I just this morning racked off my merlot to which I had added a bag of fresh frozen blackberries in the primary. I washed and dried my hands, slipped on a pair of new nitrile gloves, rinsed them off and then sprayed with K-meta solution, then patted dry with a paper towel. Sanitized? No. Reasonably clean? Yes...but the main advantage to me was when I was through squeezin I didn't have blackberry cuticles.


----------



## Runningwolf (Jan 13, 2011)

I keep hand sanitizer in the area for which I always use when handling anything wine related. When spraying my equipment before use I also spray my hands.


----------



## ibglowin (Jan 13, 2011)

What are those.......








Al Fulchino said:


> esp the ones that get into calouses


----------



## cpfan (Jan 13, 2011)

I use a large "china cap" that I bought at a restaurant supply store. (bottom picture here http://en.wikipedia.org/wiki/Chinoise)


It fits across the primary. I use a pair of tongs to pick up the bag and put it in the China Cap. Then I use the stirring spoon to squeeze the bag against the sides of the China Cap. Leave it sit a few minutes (or whatever it takes.


The China Cap is also effective if the skins aren't in a bag. I use a skimmer to scoop up the skins and put them in the China Cap.


Steve


----------



## tonyt (Jan 13, 2011)

I put on a pair of disposable glove (the ones without powder), wash hands with them on, spray hands with K-mata, squeeze like crazy. I do this daily while grape packs are in bucket. If the grape skins are loose in the bucket I squeeze the skins that float. 
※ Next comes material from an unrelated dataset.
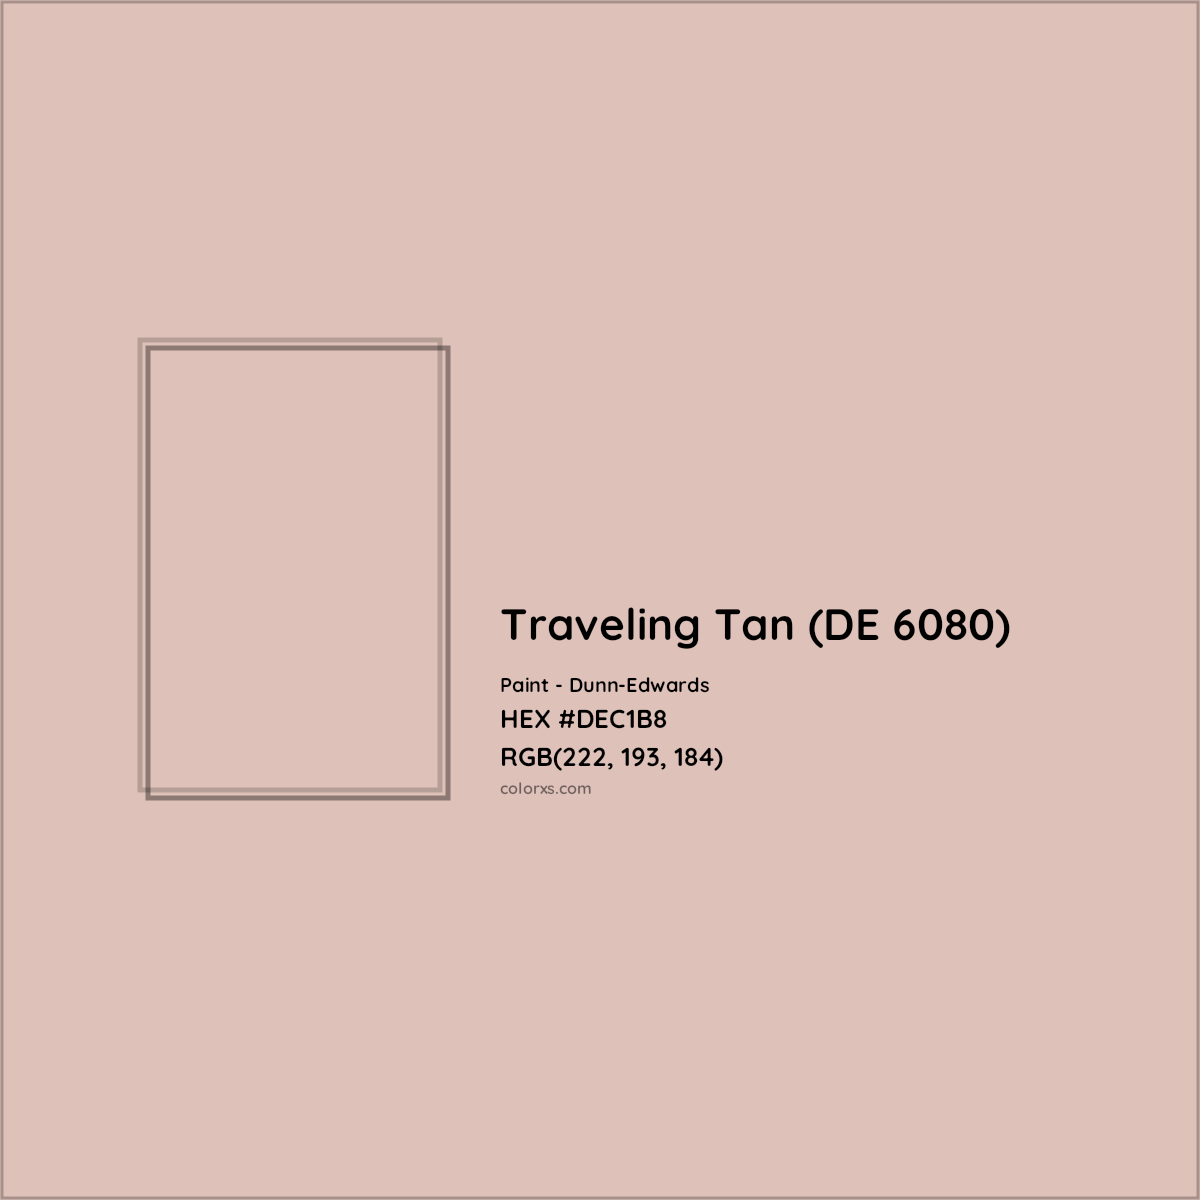 HEX #DEC1B8 Traveling Tan (DE 6080) Paint Dunn-Edwards - Color Code

BTW, whoever invented the spray bottle of K-meta should get the Nobel Prize for Wine making.


----------



## Waldo (Jan 16, 2011)

I use the disposable glove method myself. I caried it one step further though and got the purple, grape flavored ones from my Dentist


----------



## Randoneur (Jan 17, 2011)

Waldo said:


> I use the disposable glove method myself. I caried it one step further though and got the purple, grape flavored ones from my Dentist




I've never tasted mine, I suspect they taste like grape anyway


----------



## tonyt (Jan 17, 2011)

Waldo said:


> I use the disposable glove method myself. I caried it one step further though and got the purple, grape flavored ones from my Dentist



I didn't know that rubber (gloves) came flavored too.


----------